8.10.08

An Industry within a Nation

There is something deeply humbling about looking up from a book about people dealing with an impending doomsday and using a slip of paper smaller than a folded napkin that contains a brief history of my working life as a bookmark. Of course, I'm writing this while tired with a whole day of classes stretching out in front of me, so I doubt I'll be particularly coherent from here on out, but I'll try.

Recently I got the chance to listen to Chris Martenson's Crash Course on the American economy and where we stand overall. Of course I haven't done further research to verify, so I'm not willing to call it gospel, but the underlying prediction isn't so different from what I've been thinking for years. Quite simply, what's coming is not going to be as big as what came before... and that means bad things if the underlying presumption of the business is constant growth. Which means especially bad things for corporations, since growth, read profit, is essential to sustain a corporation of any size. They need profit the same way a fish needs water or a person needs air, and unless we start rethinking what we get and how... well it's not going to work out too well.

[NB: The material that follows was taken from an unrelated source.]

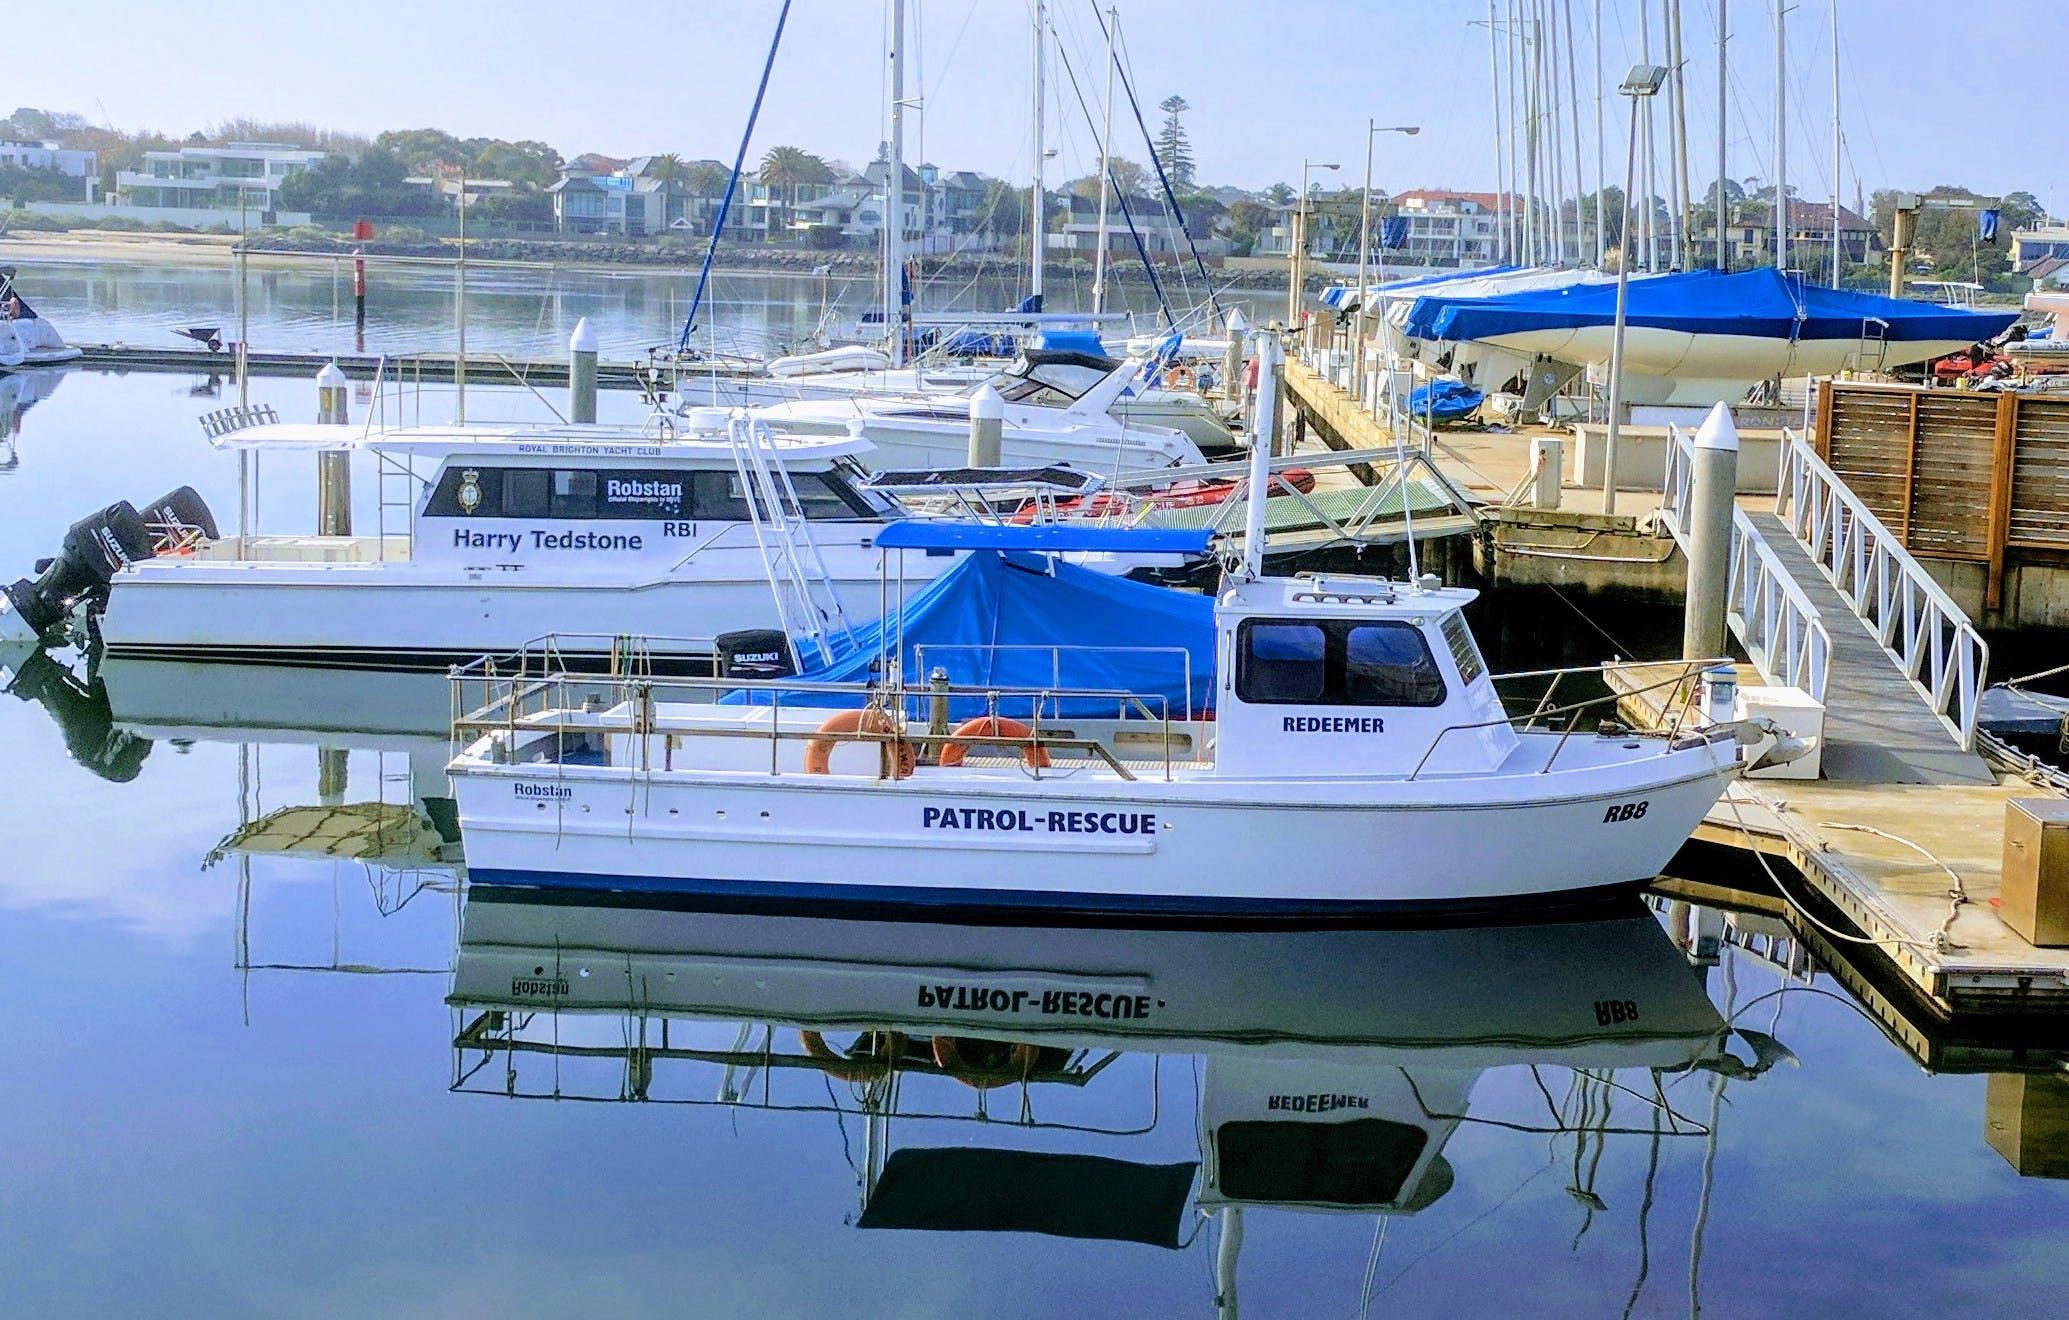 White Patrol-rescue Boat Near Brown Wooden Sea Dock

This effects my thinking on the industry and current business models a great deal. Right now I rather feel we need to focus on two areas, making the content creation process cheaper and more accessible, and increasing the artistic quality of our works such that they can stand on their own as great works. Frankly, I don't think I'm entirely alone in those priorities, though I may be more unique in my reasoning.

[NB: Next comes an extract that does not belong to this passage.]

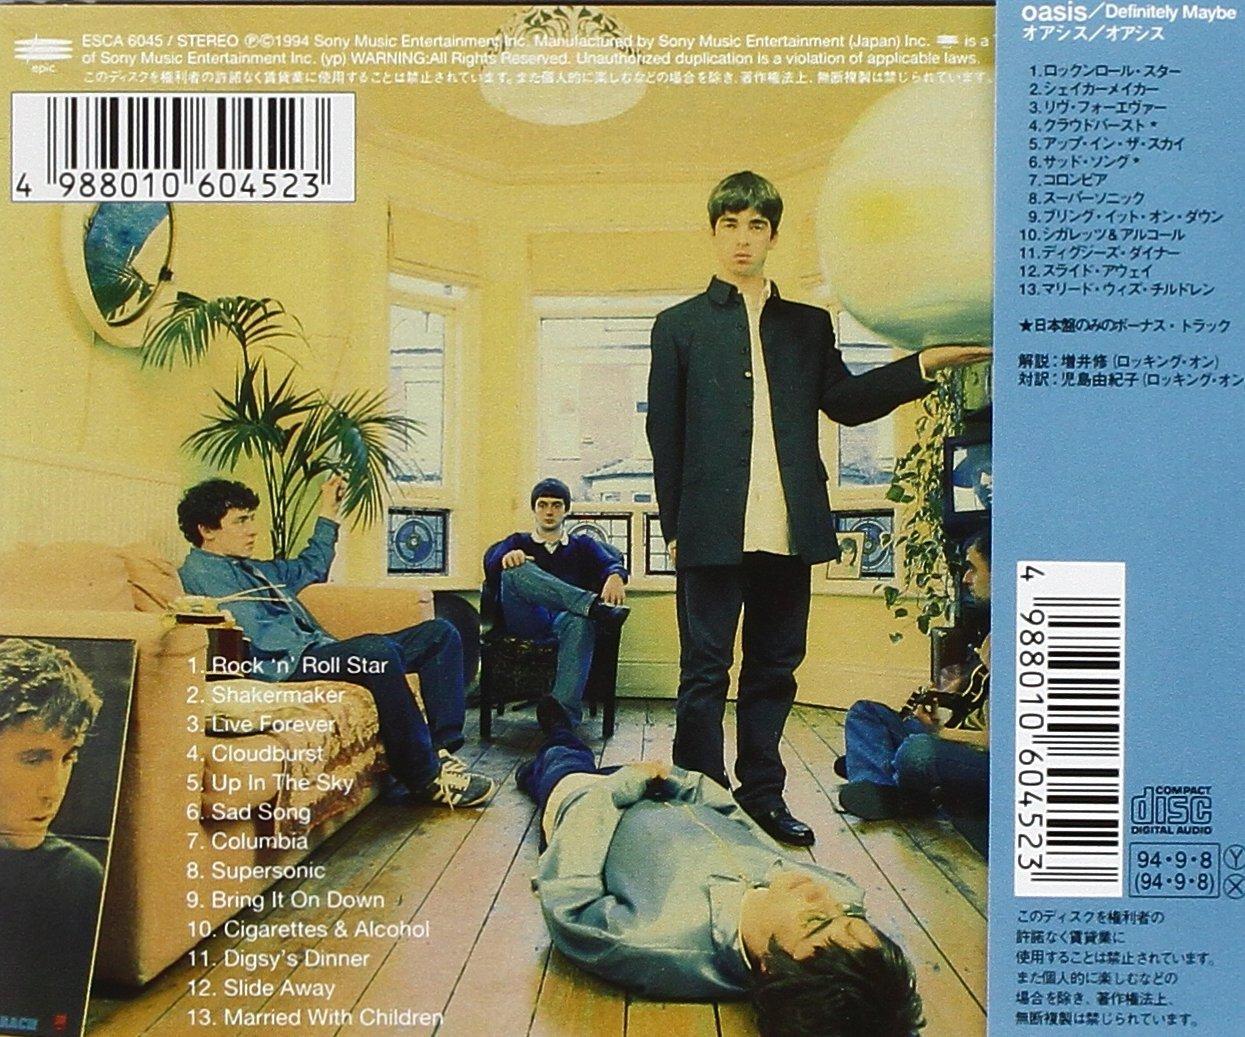 Amazon com Oasis Definitely  Oasis Definitely Maybe Deluxe

Spore was a good, if gamey, step towards the first section. Lots of tools for the creation of content and sharing of said content, but unfortunately a bit... strict on the rule sets governing that content for my tastes. I'm trying to have high hopes for MetaPlace, but I find my hope to be somewhat thin on the ground these days. Who knows, maybe I should have been an avid Second Life player/activist, but I find it significantly hard to form any amount of excitement over SL.

The second has been a much touchier issue lately, at least in the MMO space. Single player games have been doing better on some fronts, we're seeing some serious play with physics and world environments along side some very focused story telling.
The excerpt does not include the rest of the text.